[What you should do]: Give back exactly the lines that start at the one containing "Adidas Designed for" and run to the end of the material, leaving out the pictures.

[Stored data]:
★ ★ ★

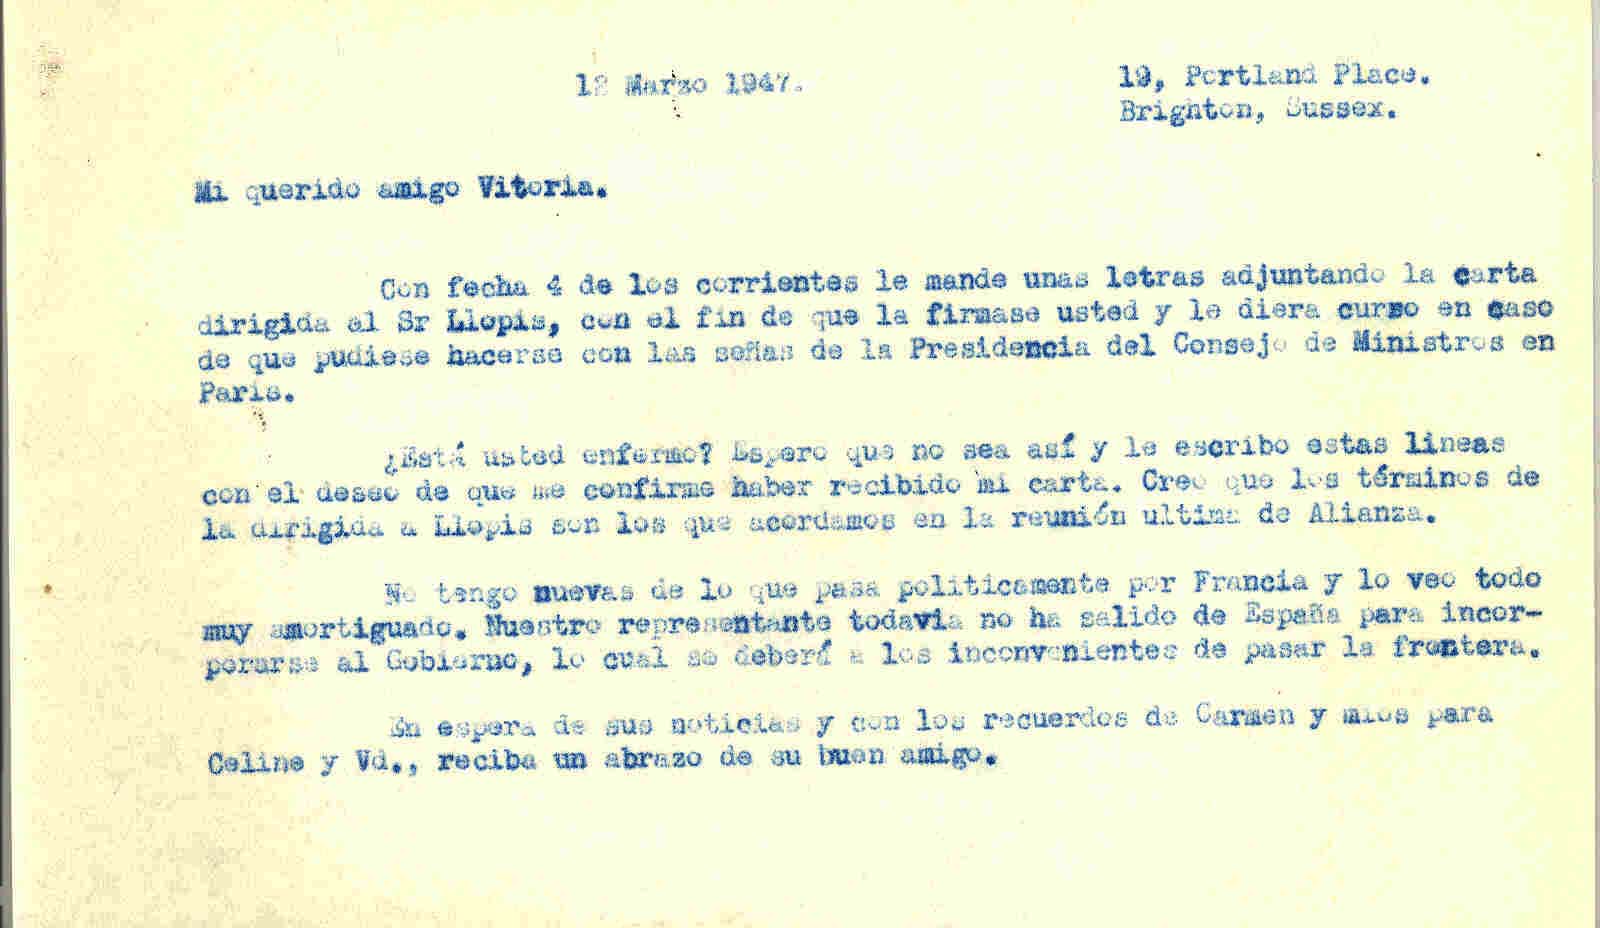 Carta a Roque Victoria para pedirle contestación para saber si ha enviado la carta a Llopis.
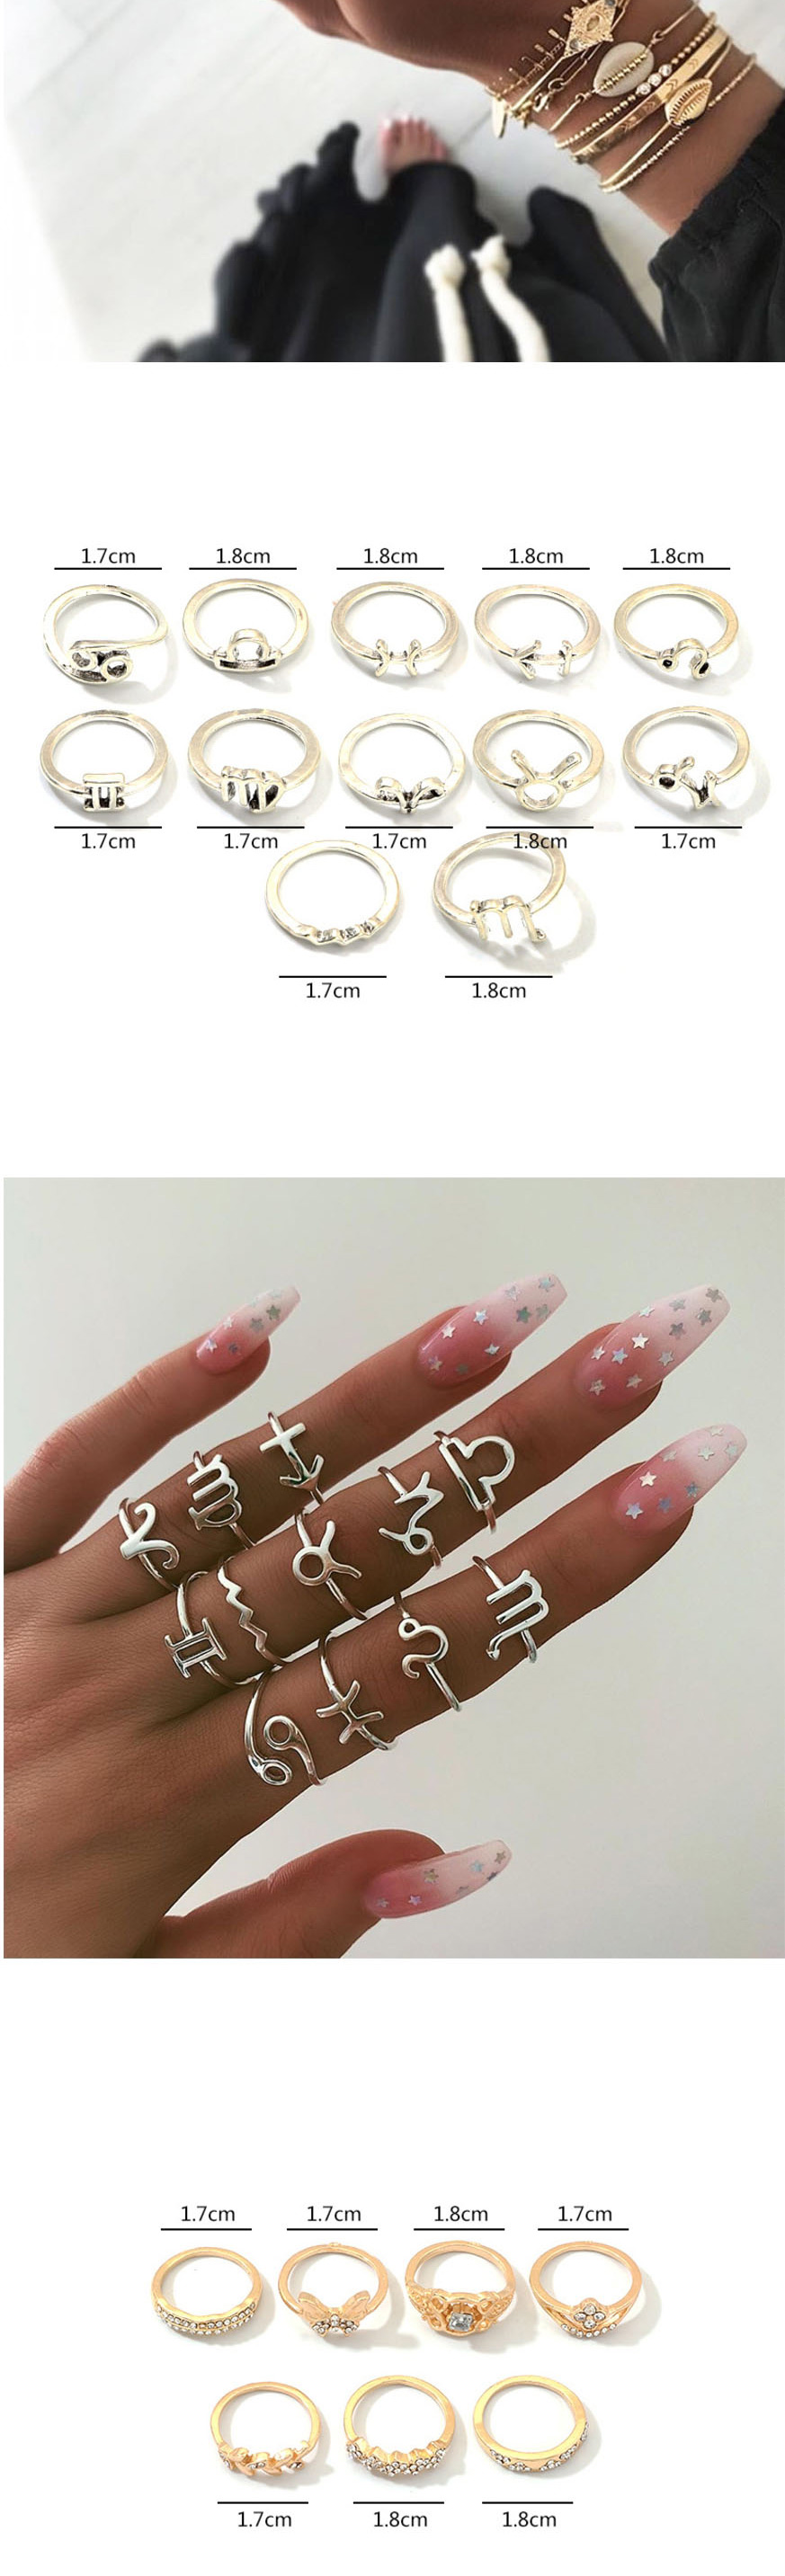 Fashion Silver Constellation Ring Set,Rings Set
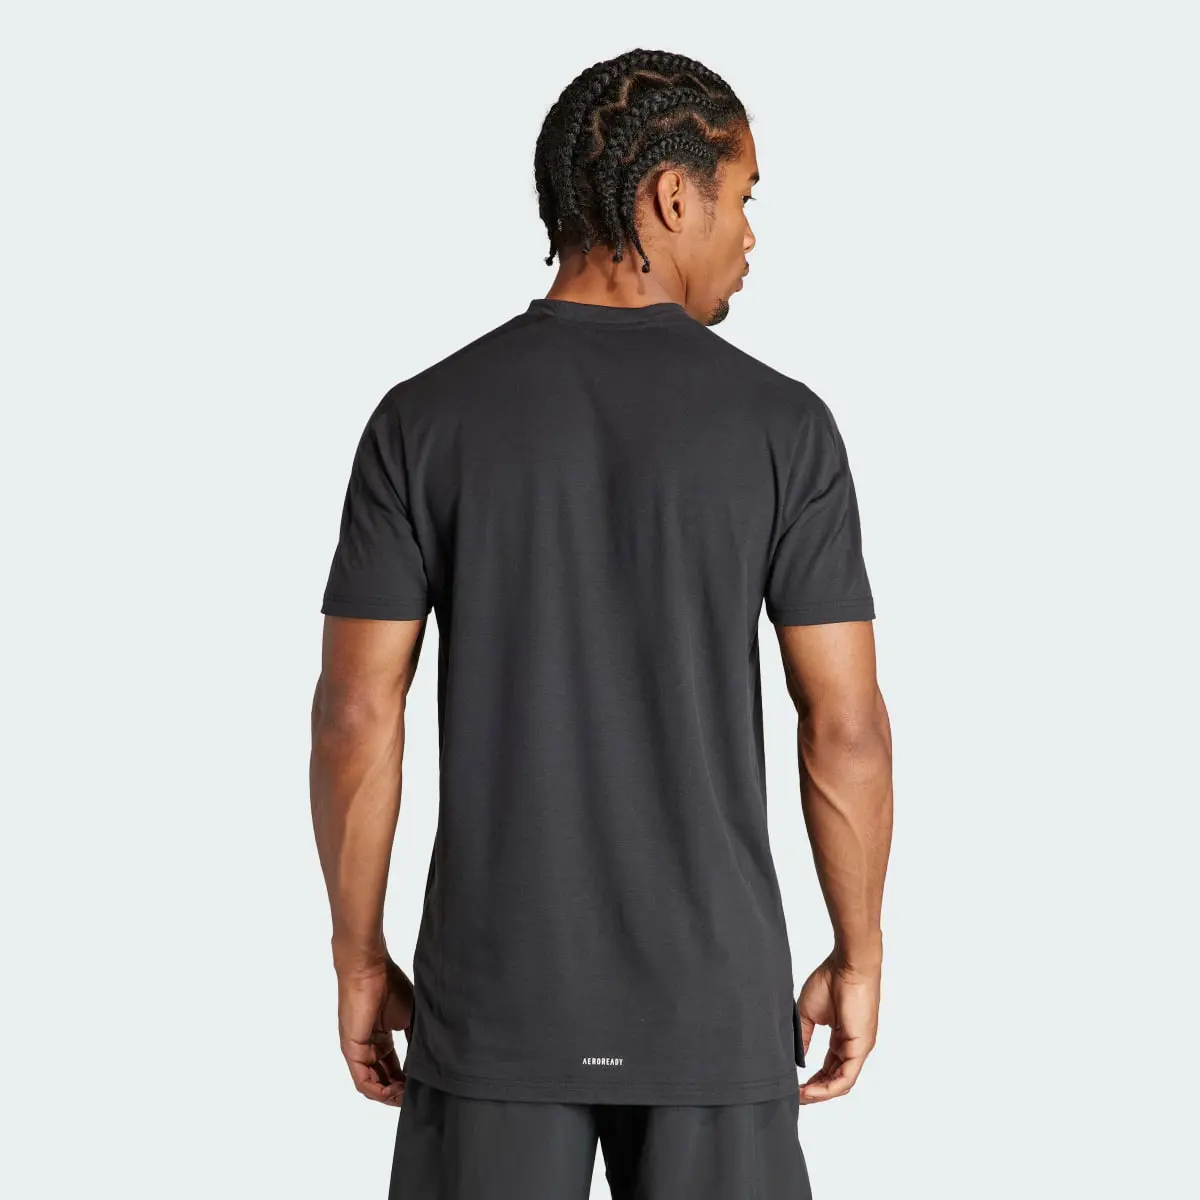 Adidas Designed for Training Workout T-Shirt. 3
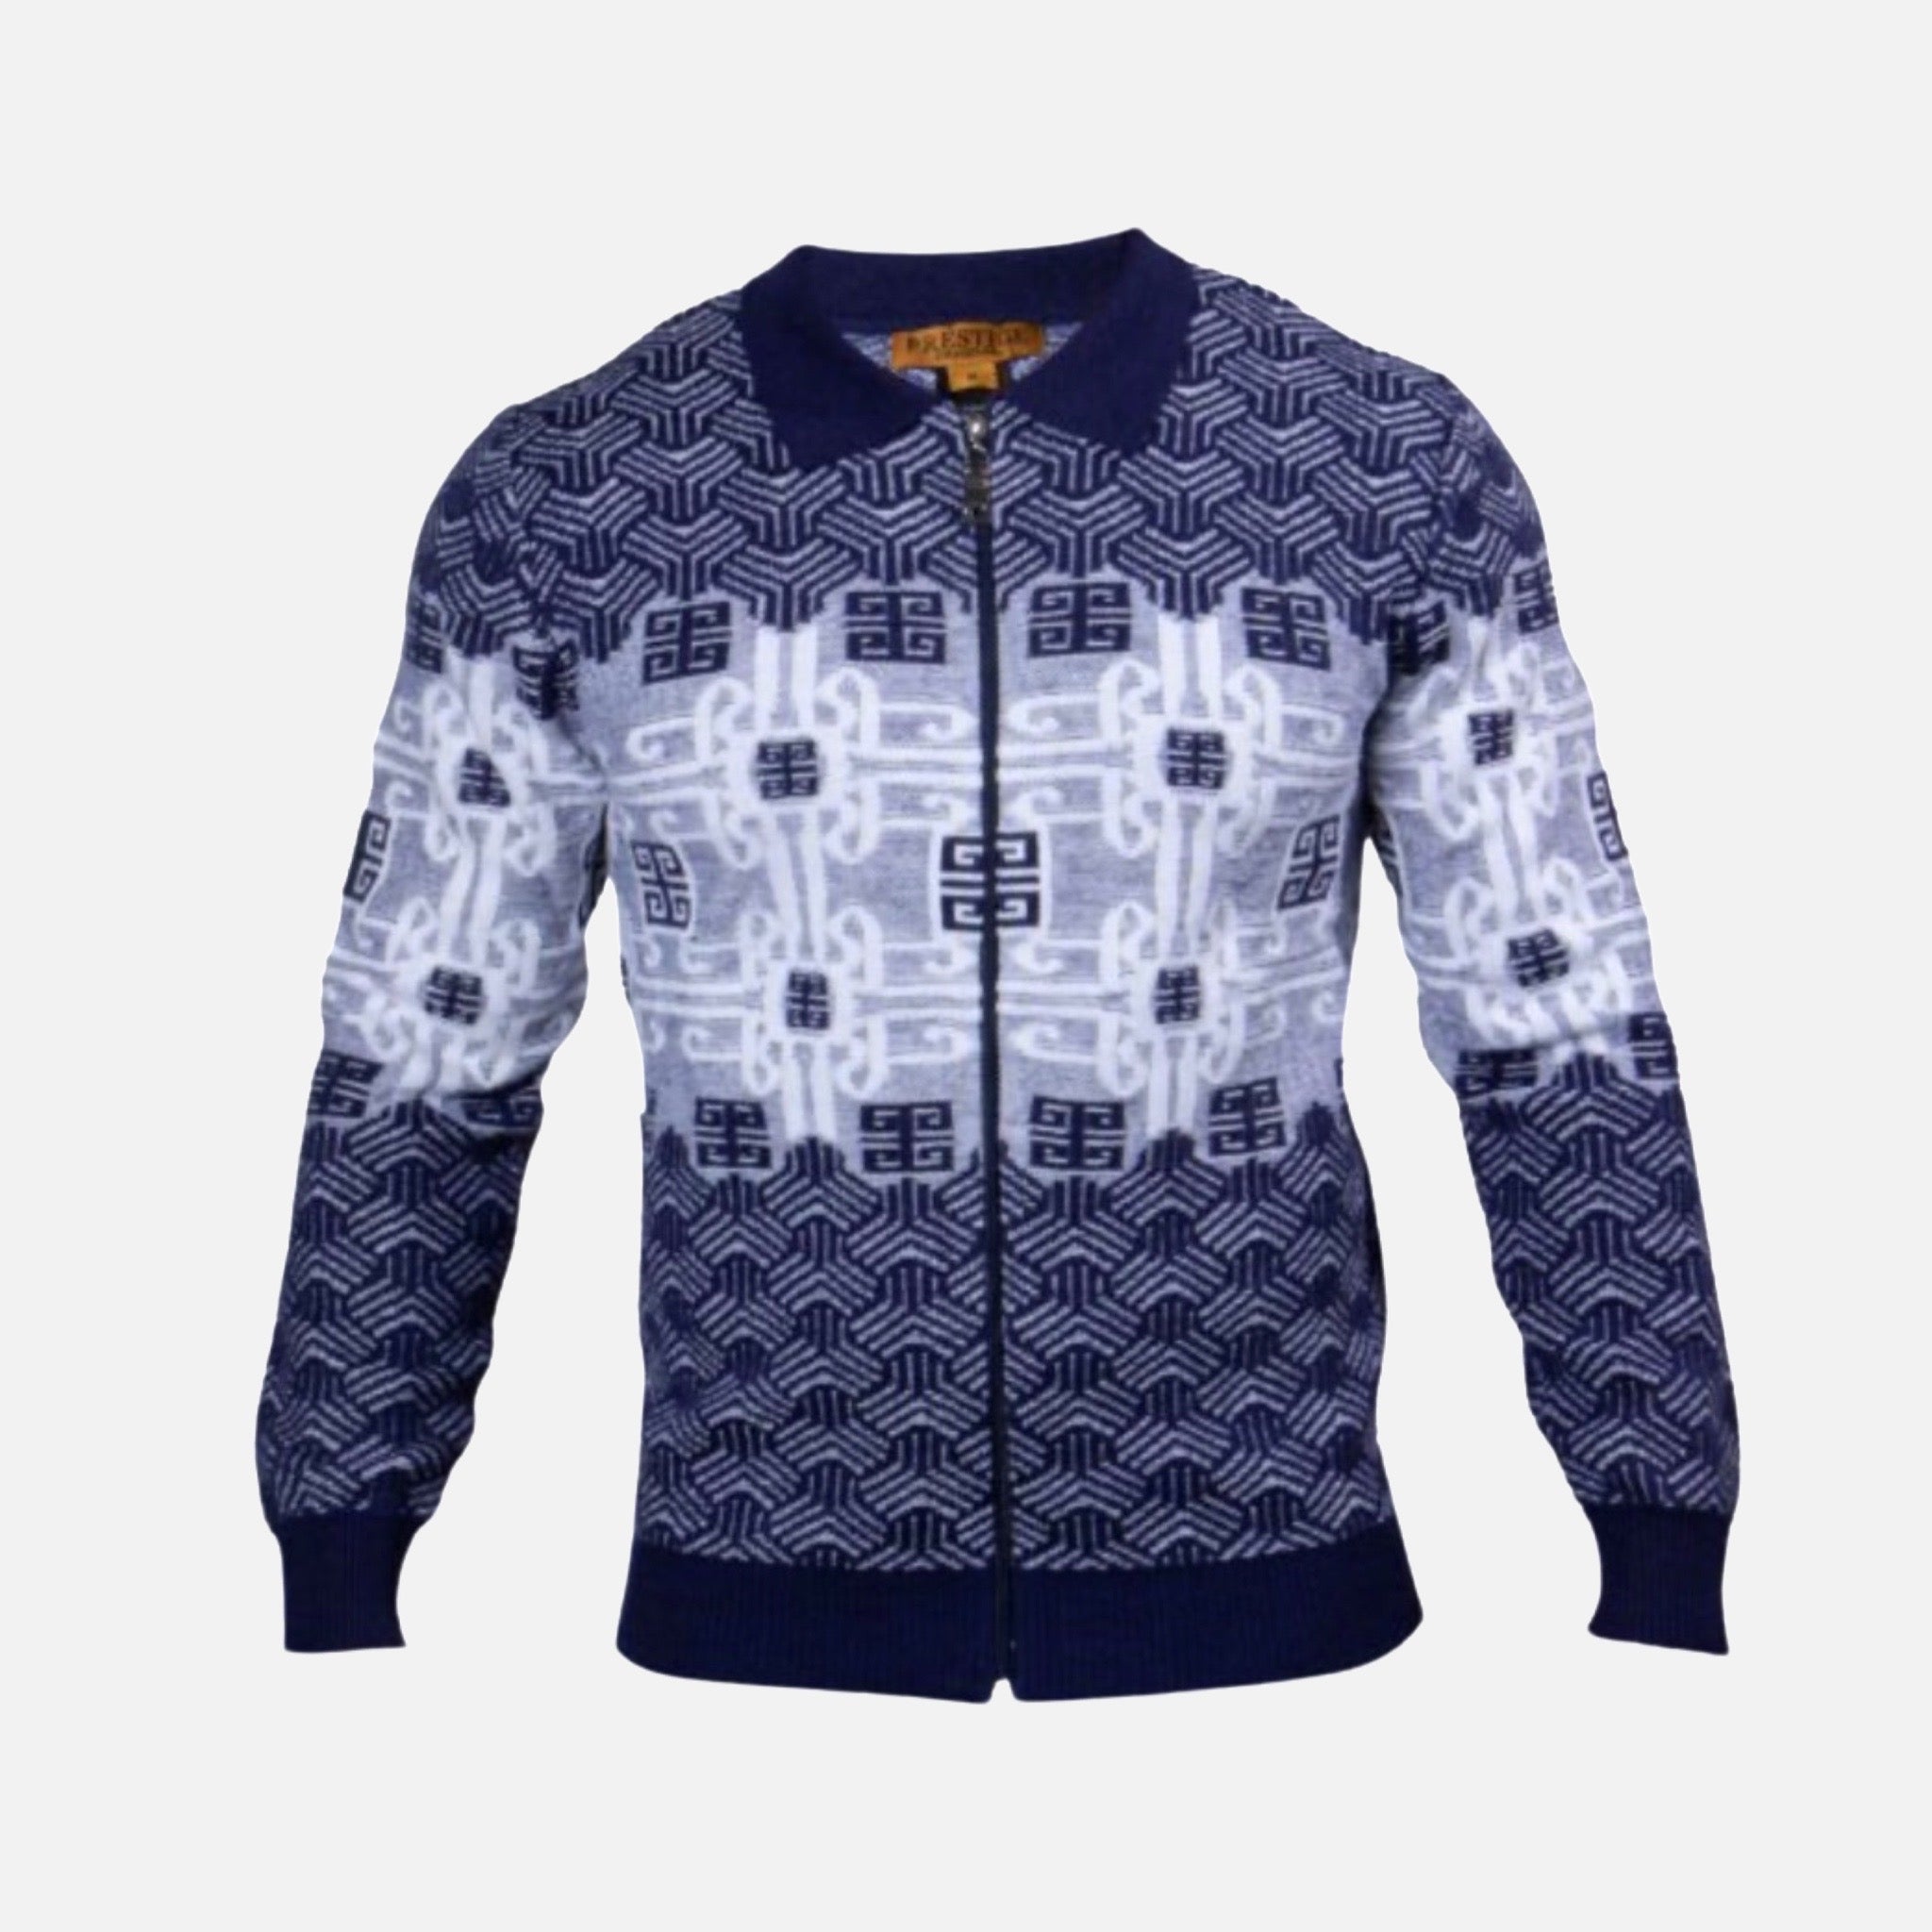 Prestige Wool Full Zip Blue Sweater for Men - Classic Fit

★ ★ ★

[Answer to the problem]:
 Adidas Designed for Training Workout T-Shirt. 3
 Prestige Wool Full Zip Blue Sweater for Men - Classic Fit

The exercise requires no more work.